According to Forbes, your social mediea presence can both help and harm you in your job search. For instance, if you tend to post controversial material, prospective employers may assume that behavior will carry into the workplace and ultimately choose a different candidate. 

So how do you deal with social media presence when you are the one hiring?

social media for hiring

That question doesn’t have an easy answer, often you will find information regarding a person’s religion, sexual orientation, ethnic, and birth information that could never be included on a compliant job application. Photographs of the individual may also reveal information about disabilities that would never be permitted under the ADA and other federal and state employment laws. In addition, there is often no way for an applicant to even defend themselves regarding such information and no mechanism exists to correct information that is wrong. 

Using social networking sites can sometimes help find good candidates that are just what the recruiter is looking for, but the use of these sites for employment screening may not be a practice you would want to explain or defend in a courtroom setting. Most of these issues have not been addressed by the courts yet. If the use of these sites is a part of your recruiting and hiring process, perhaps after consulting with your HR consultant or legal counsel, at the very least your employment screening release should specifically refer to the possible use of these sites.

Social Media Can Hurt and Help an Applicant

According to a survey by CareerBuilder, 34 percent of hiring managers who admit that they have screened job candidates via social networking profiles say that they found content that caused them to dismiss a candidate from consideration. By contrast, 24 percent of hiring managers who researched job candidates via social networking sites said they found content that helped to solidify their decision to hire the candidate.

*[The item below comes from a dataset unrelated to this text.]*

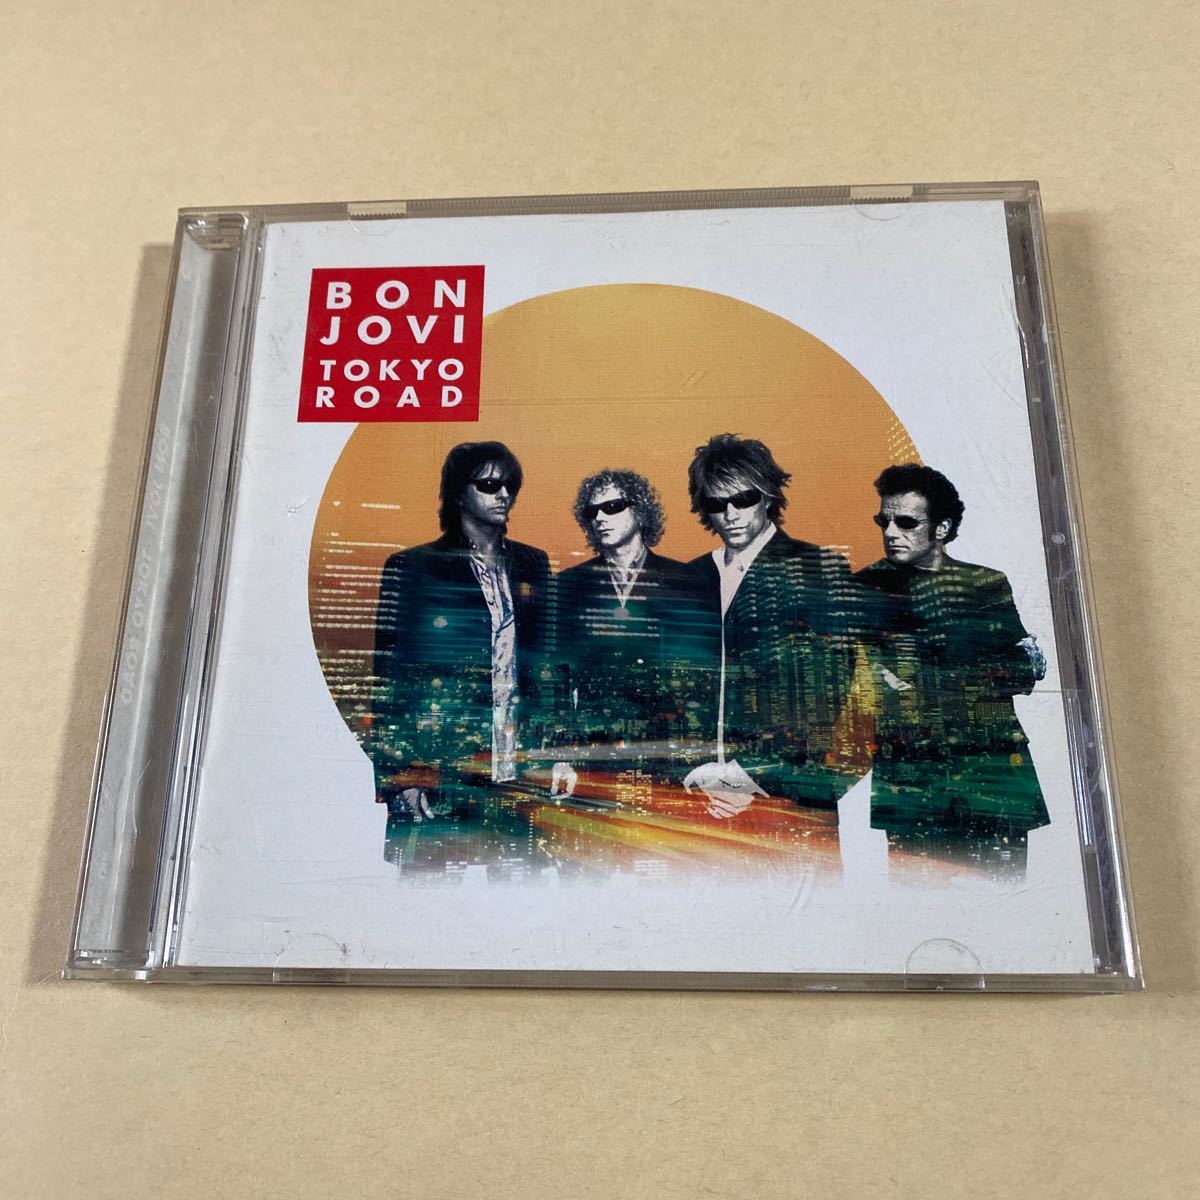 Bon Jovi 2CD「TOKO ROAD」_画像1

Information found that hurt applicants:

Drinking and drugs(41%), provocative or inappropriate photographs (40%), bad-mouthed their previous company or fellow employee ( 28%)

Information found that helped applicants:

Background supported their qualifications for the job (48%),  great communication skills (43%), conveyed a professional image (36%)

States with Restrictions on Use of Social Media

Arkansas, California, Colorado, Connecticut, Illinois, Louisiana, Maryland, Michigan, Montana, Nevada, New Hampshire, New Jersey, New Mexico, Oklahoma, Oregon, Rhode Island, Tennessee, Utah, Virginia, Washington, and Wisconsin.